Prompt: Give back, unaltered, the lines from the one with "Компьютерный компакт-диск 007" to the end of the material, omitting pictures.
*** Stored data ***
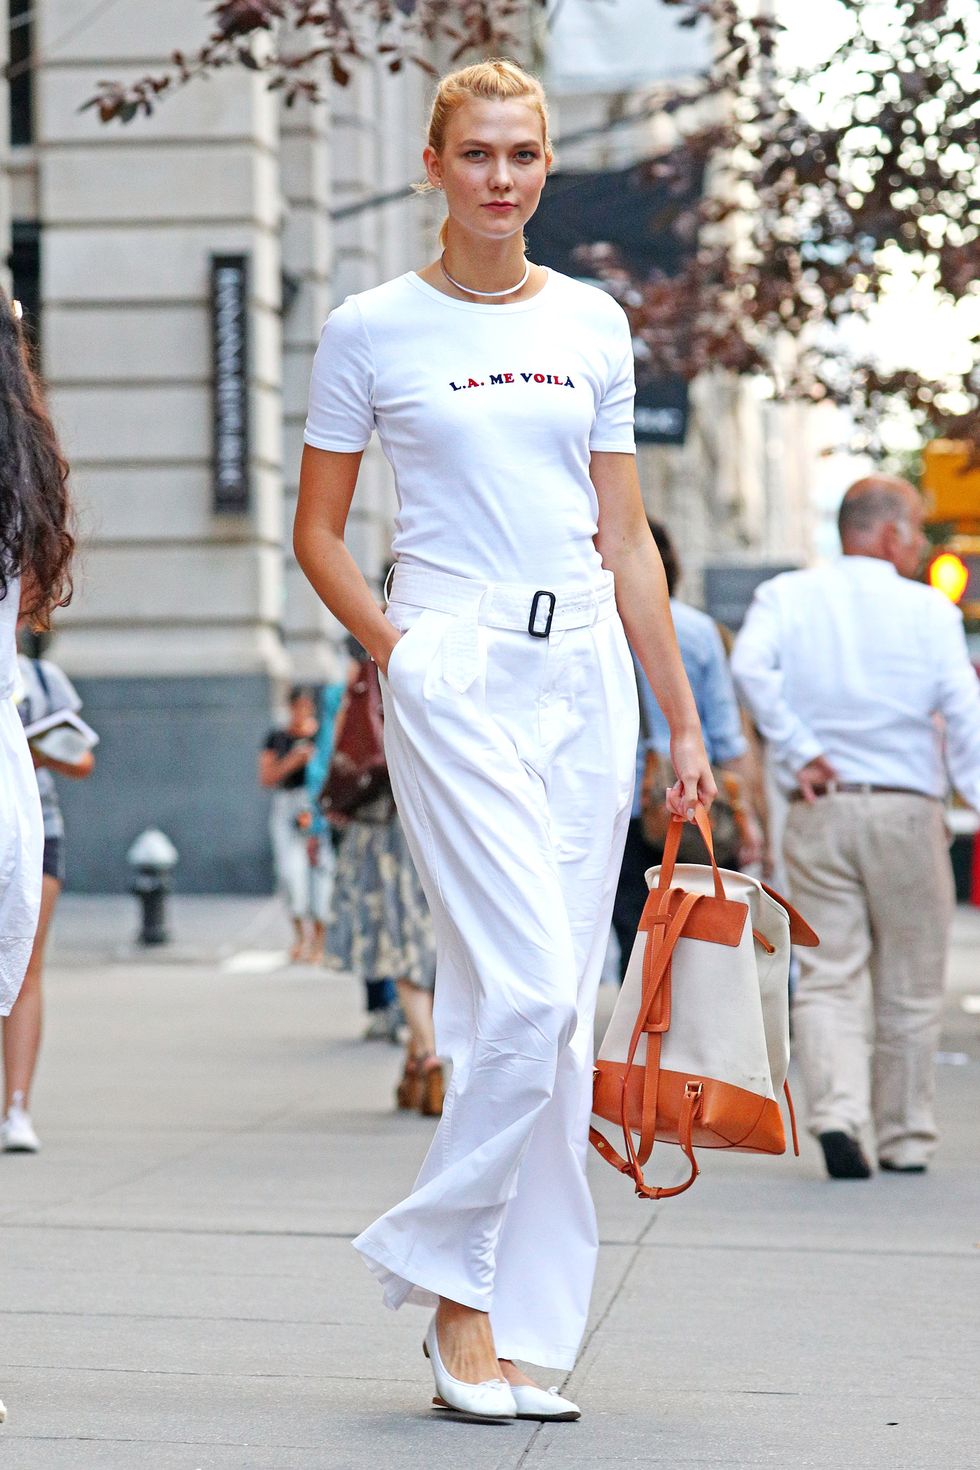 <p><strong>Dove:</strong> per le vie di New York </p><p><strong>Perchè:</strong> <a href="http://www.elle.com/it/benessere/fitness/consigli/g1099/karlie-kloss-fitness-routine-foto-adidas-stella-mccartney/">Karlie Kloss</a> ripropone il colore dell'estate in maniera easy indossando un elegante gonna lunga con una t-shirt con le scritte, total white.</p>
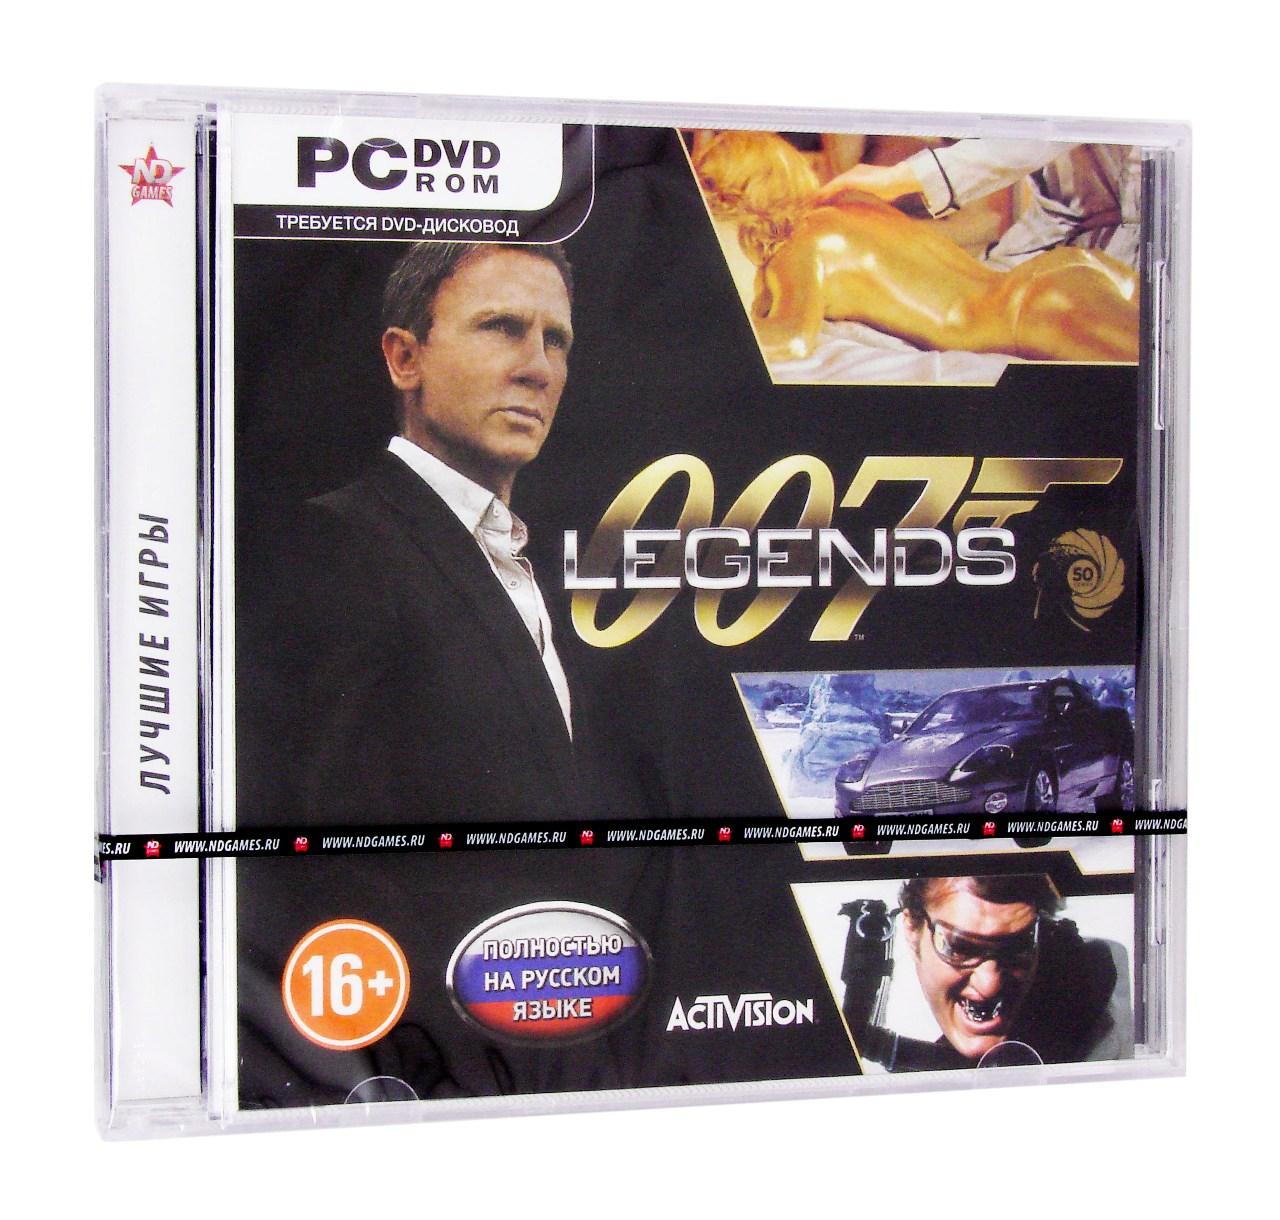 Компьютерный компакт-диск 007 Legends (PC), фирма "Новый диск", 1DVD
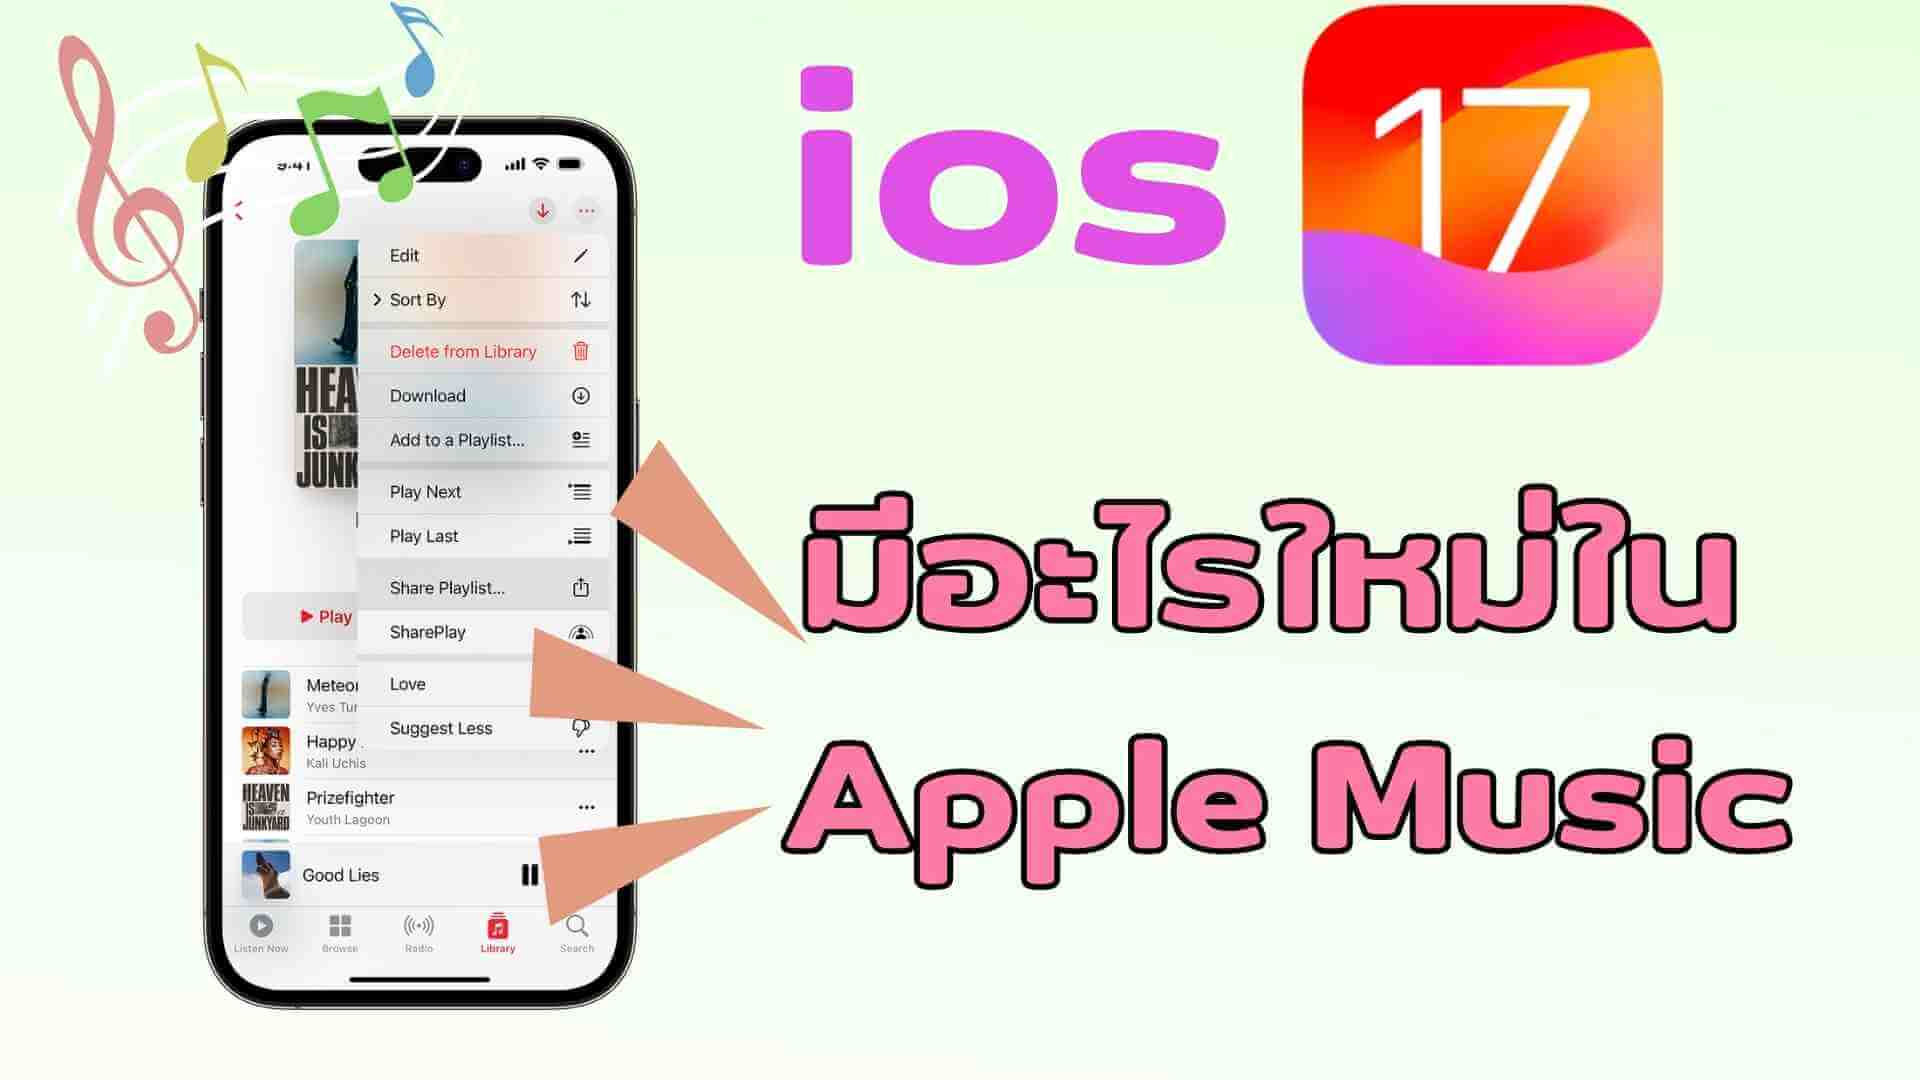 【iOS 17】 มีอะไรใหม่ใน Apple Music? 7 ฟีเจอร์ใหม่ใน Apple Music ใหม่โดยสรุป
***
Response box:
 Компьютерный компакт-диск 007 Legends (PC), фирма "Новый диск", 1DVD
 【iOS 17】 มีอะไรใหม่ใน Apple Music? 7 ฟีเจอร์ใหม่ใน Apple Music ใหม่โดยสรุป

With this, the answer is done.